Stored items:
**********

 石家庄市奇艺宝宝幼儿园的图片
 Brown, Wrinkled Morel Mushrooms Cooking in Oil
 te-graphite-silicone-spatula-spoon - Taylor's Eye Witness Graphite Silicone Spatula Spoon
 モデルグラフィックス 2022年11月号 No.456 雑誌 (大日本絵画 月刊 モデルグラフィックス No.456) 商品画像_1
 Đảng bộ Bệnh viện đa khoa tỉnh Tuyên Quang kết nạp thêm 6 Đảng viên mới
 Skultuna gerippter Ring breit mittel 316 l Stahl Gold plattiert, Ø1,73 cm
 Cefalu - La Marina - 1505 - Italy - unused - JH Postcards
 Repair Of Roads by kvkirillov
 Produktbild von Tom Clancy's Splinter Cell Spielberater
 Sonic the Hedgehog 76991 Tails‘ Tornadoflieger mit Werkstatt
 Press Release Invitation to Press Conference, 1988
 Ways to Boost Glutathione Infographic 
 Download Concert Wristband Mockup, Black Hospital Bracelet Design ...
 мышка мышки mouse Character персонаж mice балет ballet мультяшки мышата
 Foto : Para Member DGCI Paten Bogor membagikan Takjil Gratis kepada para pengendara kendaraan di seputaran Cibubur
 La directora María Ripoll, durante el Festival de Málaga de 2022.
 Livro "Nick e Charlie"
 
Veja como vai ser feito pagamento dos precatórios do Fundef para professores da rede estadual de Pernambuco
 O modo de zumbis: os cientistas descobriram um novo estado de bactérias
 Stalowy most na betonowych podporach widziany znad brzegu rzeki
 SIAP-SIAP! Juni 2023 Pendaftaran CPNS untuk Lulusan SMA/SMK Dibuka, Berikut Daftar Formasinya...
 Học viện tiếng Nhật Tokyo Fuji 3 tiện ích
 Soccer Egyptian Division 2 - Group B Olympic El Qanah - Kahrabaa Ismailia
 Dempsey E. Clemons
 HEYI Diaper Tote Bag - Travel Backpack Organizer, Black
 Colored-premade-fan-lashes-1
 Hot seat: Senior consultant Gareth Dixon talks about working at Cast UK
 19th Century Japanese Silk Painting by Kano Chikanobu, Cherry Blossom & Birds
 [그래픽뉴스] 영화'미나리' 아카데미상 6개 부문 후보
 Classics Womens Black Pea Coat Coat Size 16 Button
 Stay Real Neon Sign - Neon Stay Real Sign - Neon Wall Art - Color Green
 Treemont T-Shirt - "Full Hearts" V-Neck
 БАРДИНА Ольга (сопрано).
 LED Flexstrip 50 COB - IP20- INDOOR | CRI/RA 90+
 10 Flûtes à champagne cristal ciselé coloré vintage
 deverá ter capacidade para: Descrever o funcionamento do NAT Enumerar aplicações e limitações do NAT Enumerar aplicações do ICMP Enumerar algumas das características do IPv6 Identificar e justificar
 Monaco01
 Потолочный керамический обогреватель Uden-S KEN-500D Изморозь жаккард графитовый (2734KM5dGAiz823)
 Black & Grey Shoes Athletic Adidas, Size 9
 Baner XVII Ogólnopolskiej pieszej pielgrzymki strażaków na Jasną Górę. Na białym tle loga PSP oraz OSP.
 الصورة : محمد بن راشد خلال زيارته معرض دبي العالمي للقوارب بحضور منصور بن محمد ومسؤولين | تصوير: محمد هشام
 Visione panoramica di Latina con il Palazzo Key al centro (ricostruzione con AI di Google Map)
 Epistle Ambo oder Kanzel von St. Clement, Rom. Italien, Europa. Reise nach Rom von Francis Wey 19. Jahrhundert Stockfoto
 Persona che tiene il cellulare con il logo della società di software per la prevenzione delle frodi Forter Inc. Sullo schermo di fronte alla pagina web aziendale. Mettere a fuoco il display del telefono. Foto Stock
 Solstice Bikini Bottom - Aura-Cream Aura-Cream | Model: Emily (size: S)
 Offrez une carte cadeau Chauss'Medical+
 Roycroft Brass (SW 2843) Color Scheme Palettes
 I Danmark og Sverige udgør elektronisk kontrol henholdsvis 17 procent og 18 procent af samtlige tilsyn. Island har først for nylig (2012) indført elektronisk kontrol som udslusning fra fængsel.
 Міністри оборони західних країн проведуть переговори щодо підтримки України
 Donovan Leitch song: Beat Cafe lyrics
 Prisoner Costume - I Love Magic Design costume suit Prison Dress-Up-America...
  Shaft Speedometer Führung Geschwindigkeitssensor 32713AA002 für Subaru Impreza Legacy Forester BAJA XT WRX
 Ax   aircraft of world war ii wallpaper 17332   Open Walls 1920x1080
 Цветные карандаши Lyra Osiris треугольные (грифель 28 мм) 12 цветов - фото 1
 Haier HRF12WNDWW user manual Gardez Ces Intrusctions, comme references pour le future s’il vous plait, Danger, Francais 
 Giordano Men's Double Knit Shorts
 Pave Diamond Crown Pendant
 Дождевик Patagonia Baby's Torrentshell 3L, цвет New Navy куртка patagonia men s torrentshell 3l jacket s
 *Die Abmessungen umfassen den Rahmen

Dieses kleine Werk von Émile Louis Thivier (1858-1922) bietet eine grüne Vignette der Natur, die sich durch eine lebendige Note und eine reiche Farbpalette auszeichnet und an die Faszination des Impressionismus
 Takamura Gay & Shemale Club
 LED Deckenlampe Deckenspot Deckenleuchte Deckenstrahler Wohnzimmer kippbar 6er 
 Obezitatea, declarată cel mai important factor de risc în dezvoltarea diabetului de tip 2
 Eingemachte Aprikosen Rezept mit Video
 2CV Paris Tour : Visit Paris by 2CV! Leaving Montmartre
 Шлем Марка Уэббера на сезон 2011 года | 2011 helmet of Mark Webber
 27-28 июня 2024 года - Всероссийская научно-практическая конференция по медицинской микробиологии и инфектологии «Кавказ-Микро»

**********

Work request: Starting at the line above that contains "Download Concert Wristband", write out each line exactly until the line that contains "Veja como vai" has been written, and stop there.

Answer section:
 Download Concert Wristband Mockup, Black Hospital Bracelet Design ...
 мышка мышки mouse Character персонаж mice балет ballet мультяшки мышата
 Foto : Para Member DGCI Paten Bogor membagikan Takjil Gratis kepada para pengendara kendaraan di seputaran Cibubur
 La directora María Ripoll, durante el Festival de Málaga de 2022.
 Livro "Nick e Charlie"
 
Veja como vai ser feito pagamento dos precatórios do Fundef para professores da rede estadual de Pernambuco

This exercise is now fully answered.